L2 Regularization versus Batch and Weight Normalization (1706.05350v1)

Published 16 Jun 2017 in cs.LG and stat.ML

Abstract: Batch Normalization is a commonly used trick to improve the training of deep neural networks. These neural networks use L2 regularization, also called weight decay, ostensibly to prevent overfitting. However, we show that L2 regularization has no regularizing effect when combined with normalization. Instead, regularization has an influence on the scale of weights, and thereby on the effective learning rate. We investigate this dependence, both in theory, and experimentally. We show that popular optimization methods such as ADAM only partially eliminate the influence of normalization on the learning rate. This leads to a discussion on other ways to mitigate this issue.

PDF Abstract

An Analytical Examination of $L_2$ Regularization with Normalization Techniques in Deep Learning

The paper "L2 Regularization versus Batch and Weight Normalization" investigates the role of $L_2$ regularization in the context of normalized deep neural networks. It questions the assumed purpose of $L_2$ regularization to mitigate overfitting in models employing normalization techniques such as Batch Normalization (BN), Weight Normalization (WN), and Layer Normalization (LN). Through theoretical exposition and experimental validation, the paper demonstrates that $L_2$ regularization's role deviates significantly from traditional assumptions when applied in conjunction with normalization methods.

Main Findings

Lack of Regularizing Effect with Normalization: The findings argue that $L_2$ regularization does not exert a classical regularizing influence in neural networks using normalization techniques. Instead, $L_2$ regularization affects the scale of weights, subsequently impacting the effective learning rate. This is due to the invariance of normalized functions to the scaling of weights, effectively neutralizing the regularizing intent.
Decoupling from Overfitting Prevention: Contrary to typical beliefs, the paper shows that the degree of $L_2$ regularization modulates the learning rate rather than acting as a countermeasure against overfitting. The regularization term, while adjusting the weights' magnitude, ceases to influence the complexity of the underlying function due to the function's inherent invariance to weight scaling.
Normalization's Impact on Effective Learning Rate: The paper highlights how the interplay between the weight scale and the effective learning rate becomes a critical factor.

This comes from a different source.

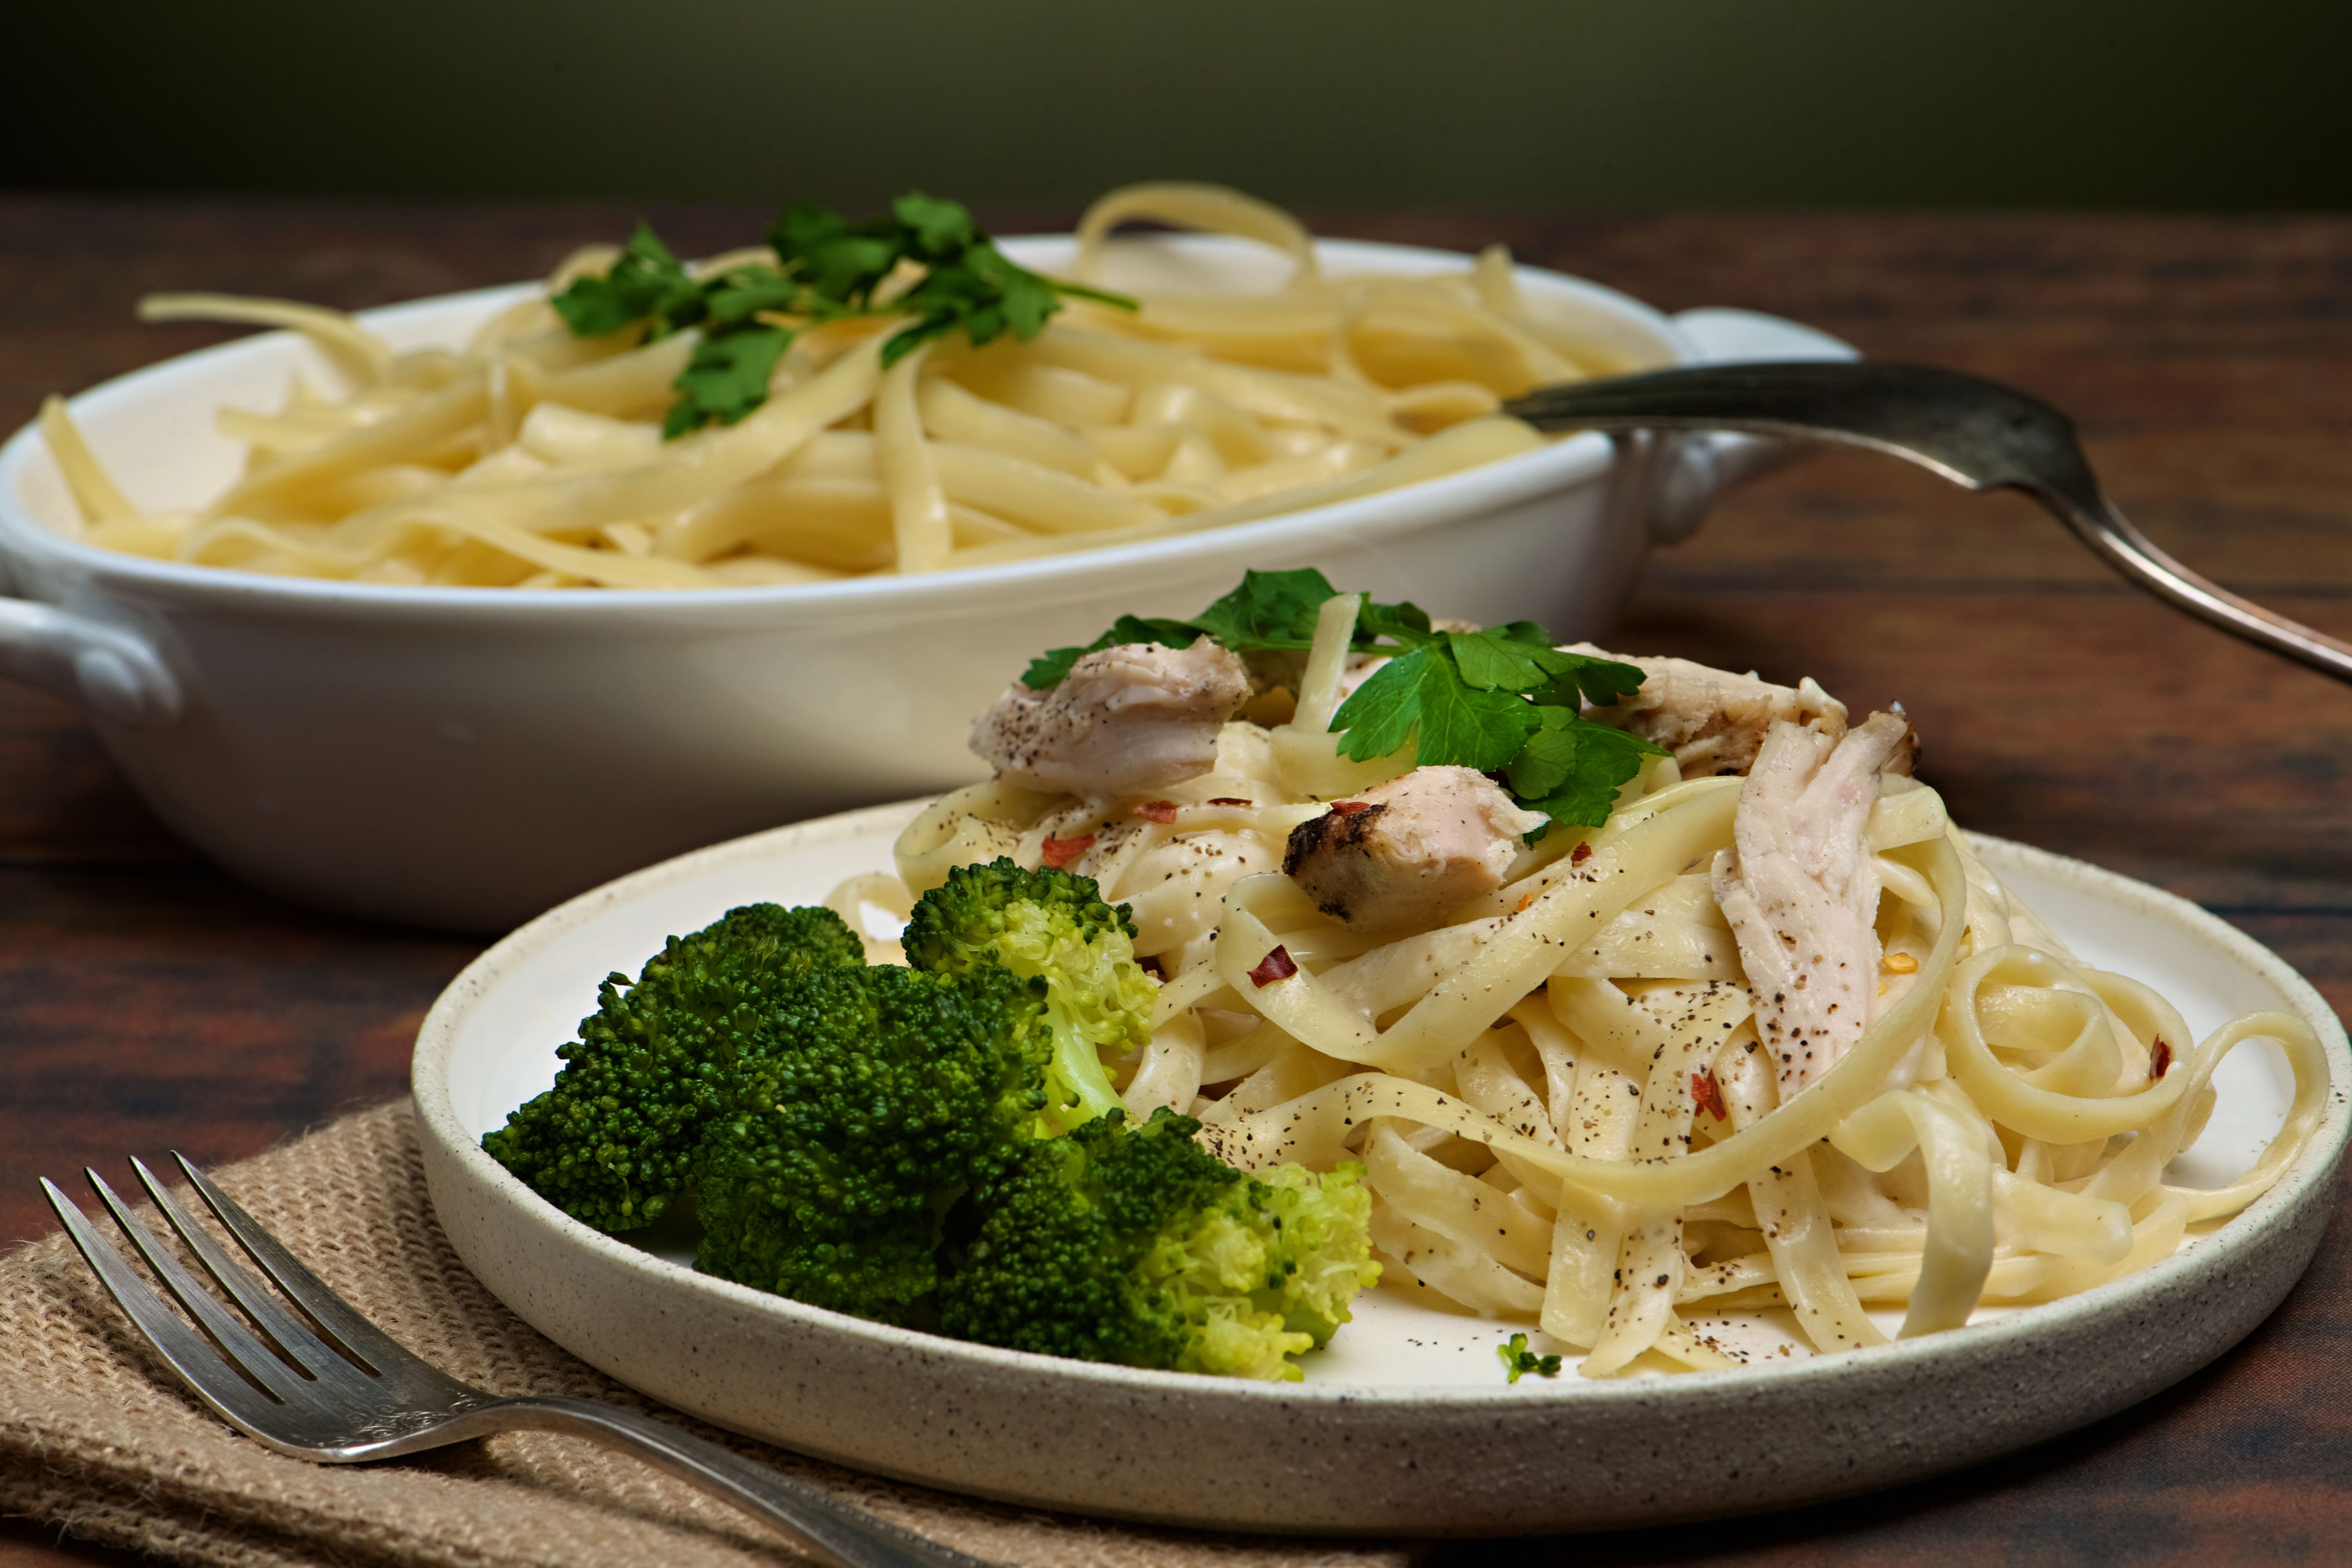 Creamy feffuccine with broccoli and chicken

As regularization enforces smaller weights, it inadvertently leads to an increased effective learning rate, thereby conflicting with the intuitive goal of regularization that strives for model stability.
Behavior of Popular Optimization Methods: The analysis extends to popular optimization methods like ADAM and RMSProp, determining that they only partially rectify the learning rate dependency on weight scaling introduced by normalization.

Experimental Validation

The experimental results presented support the theoretical analysis by demonstrating a correlation between regularization parameters and effective learning rates across various optimization schemes. A series of experiments using the CIFAR-10 dataset illustrate the influence of weight scale and its regulation by $L_2$ regularization, particularly when combined with Nesterov momentum and ADAM optimization techniques. These results highlight the largely undiscussed influence of weight regularization on the computational behavior and effectiveness of training procedures within the normalized neural network framework.

Implications

Practical Implications: For practitioners, the paper suggests reconsidering the necessity and typical usage of $L_2$ regularization in neural networks with normalization. Adjustments to common practices regarding learning rate schedules and weight regularization could enhance training efficacy when normalization is employed.
Theoretical Insights: The insights provided challenge traditional views on regularization and normalization, suggesting a more nuanced understanding is needed regarding their interaction. This may inform future research aspiring to develop regularization strategies that are inherently compatible with normalization.
Potential Future Research: Future directions may involve exploring alternative methods or regularization techniques that align with the properties of normalization or provide empirically validated frameworks for learning rate adjustment that stabilize neural network training.

In conclusion, this paper contributes a nuanced perspective on $L_2$ regularization in the context of normalization, augmenting the ongoing discussion on optimizing deep learning models efficiently and effectively. The interplay between regularization parameters and normalization demands further exploration, with implications spanning both theoretical understanding and practical application in the deep learning community.